Skip to main content

Observing cloud microphysics using (ultra) high resolution radar and lidar system

Zeen
Zhu
Brookhaven National Laboratory
Fan Yang1, Pavlos Kollias1,2, Raymond A. Shaw3, Katia Lamer1, Nithin Allwayin3, Edward Luke1
1Brookhaven National Laboratory, Upton, NY, USA
2Stony Brook University, Stony Brook, NY, USA
3Michigan Technological University, Houghton, MI, USA
Talk
Cloud microphysical processes, such as droplet activation, condensational, and collisional growth, play a crucial role in the evolution of clouds and precipitation. Accurate representations of these processes in numerical models, which are essential to weather and climate models predictions, are challenging partially due to incomplete understanding of those processes at the process level arising from limited observations. Specifically, typical cloud radars have a resolution on the order of tens of meters. This resolution is insufficient to resolve critical microphysical processes that manifest at finer scales (meter and sub-meter).
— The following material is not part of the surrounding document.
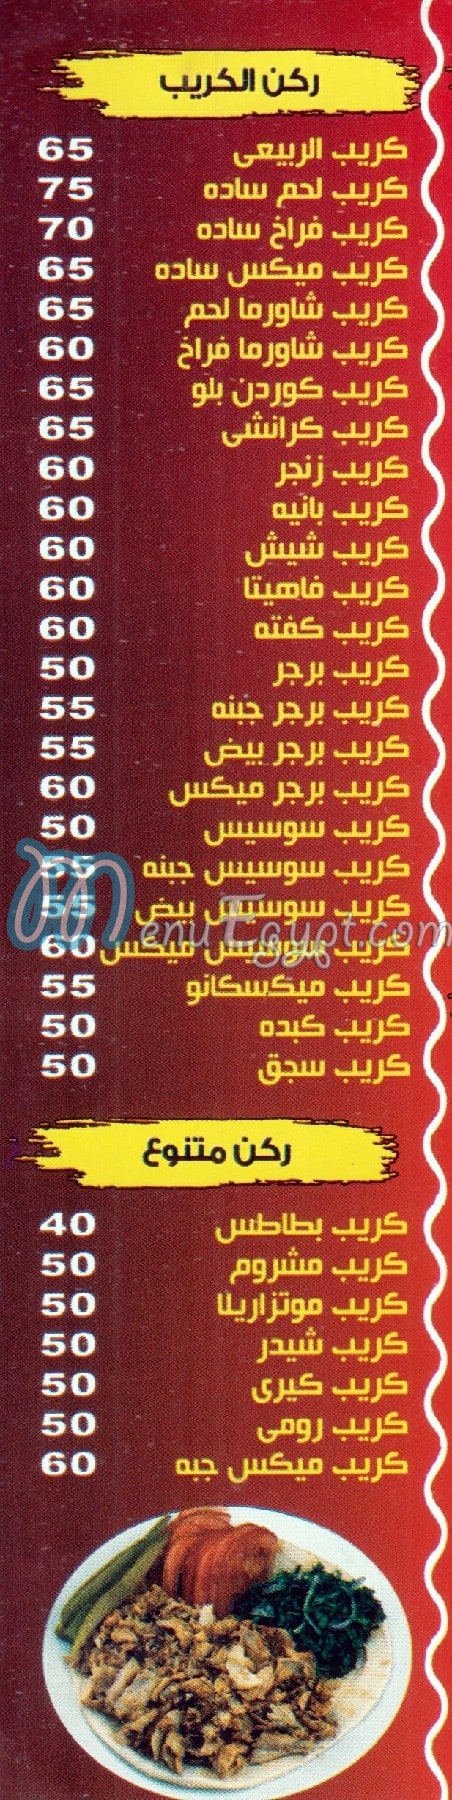 مطعم الربيعي مصر

To mitigate this observational gap, we introduce three novel remote sensing systems with high range resolution capability: 1) The first system is a W-band (94GHz) radar with a range resolution down to 3 m, which is a factor of 10 finer than the typical cloud radar. The radar observations reveal detailed cloud structures that conventional sensors could only perceive in a bulk sense, providing new avenues to investigate cloud microphysical processes and their impact on climate system; 2) The second instrument is a lidar system with resolution down to decimeter scales. The observed distributions of the first-arriving photons from lidar reflect vertical development of a cloud, including droplet activation and condensational growth; 3) The third instrument is a THz (680 GHz) radar system operating with centimeter scale resolution. An novel experiment is conducted by applying the THz radar to measure the hydrometeors generated in a spray chamber, results show great consistency with the in-situ measurements. Notably, the high-resolution capability allows the THz radar to detect a single particle with a diameter around 50 micrometers, paving the foundation for using THz radar to observe cloud microphysics. The theoretical foundation of this particle detection concept is discussed followed by a validation from the Pi Cloud Chamber observation.